No such limitation exists with mod_python as it does all the
interpreter creation and management at the Python C API level. The one
interpreter per process limitation is only when using the standard
'python' runtime executable and you are doing everything in Python
code.

Graham
 
S

sjdevnull

Pre-forking doesn't reduce load; it just improves responsiveness.
You still pay for loading all the modules on every request.

No, you don't. Each server is persistent and serves many requests--
it's not at all like CGI, and it reuses the loaded Python image.

So if you have, say, an expensive to load Python module, that will
only be executed once for each server you start...e.g. if you have
Apache configured to accept up to 50 connections, the module will be
run at most 50 times; once each of the 50 processes has started up,
they stick around until you restart Apache, unless you've configured
apache to only serve X requests in one process before restarting it.
(The one major feature that mod_python _is_ missing is the ability to
do some setup in the Python module prior to forking. That would make
restarting Apache somewhat nicer).

The major advantage of pre-forking is that you have memory protection
between servers, so a bug in one won't take down the whole apache
server (just the connection(s) that are affected by that bug). Most
shared hosting providers use pre-forking just for these stability
reasons.

A nice side effect of the memory protection is that you have
completely seperate Python interpreters in each process--while each
one is reused between connections, they run in independent processes
and the GIL doesn't come into play at all.
 
P

Paul Rubin

Graham Dumpleton said:
No such limitation exists with mod_python as it does all the
interpreter creation and management at the Python C API level. The one
interpreter per process limitation is only when using the standard
'python' runtime executable and you are doing everything in Python code.

Oh cool, I thought CPython used global and/or static variables or had
other obstacles to supporting multiple interpreters.
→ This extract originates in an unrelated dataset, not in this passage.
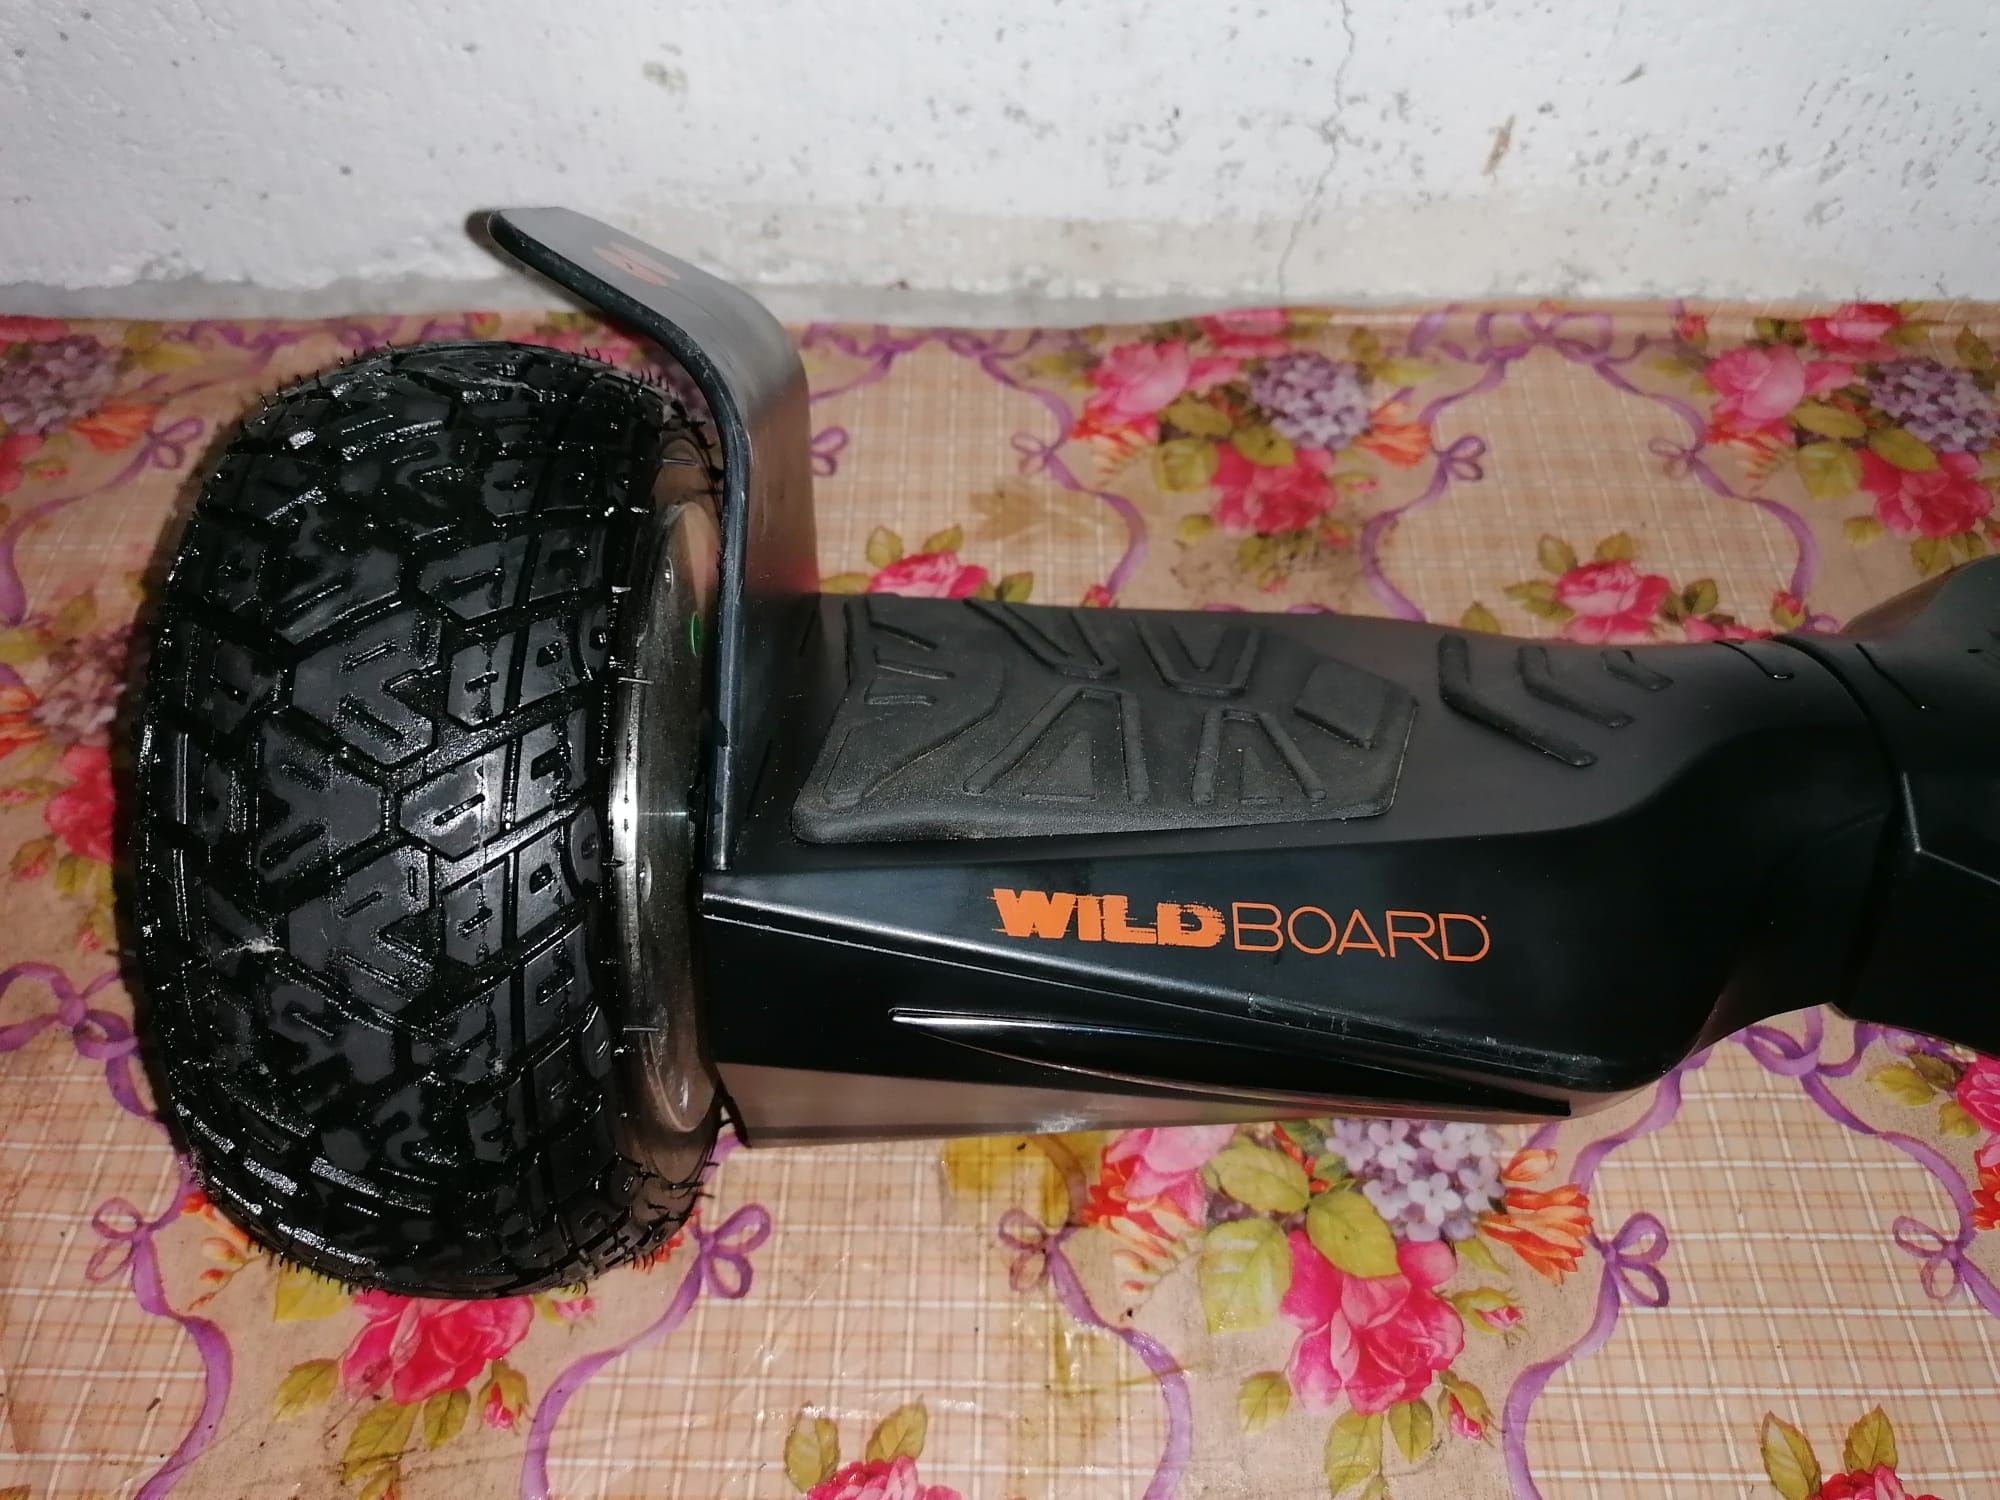 Wilbdoard XL 8, 5"

Is there a
separate memory pool for each interpreter when you have multiple ones?
So each one has its own copies of 0,1,2,None,..., etc? How big is the
memory footprint per interpreter? I guess there's no way to timeshare
(i.e. with microthreads) between interpreters but that's o.k.
 
P

Paul Rubin

Graham Dumpleton said:
Yes, these per VirtualHost interpreter instances will only be created
on demand in the child process when a request arrives which
necessitates it be created and so there is some first time setup for
that specific interpreter instance at that point, but the main Python
initialisation has already occurred so this is minor.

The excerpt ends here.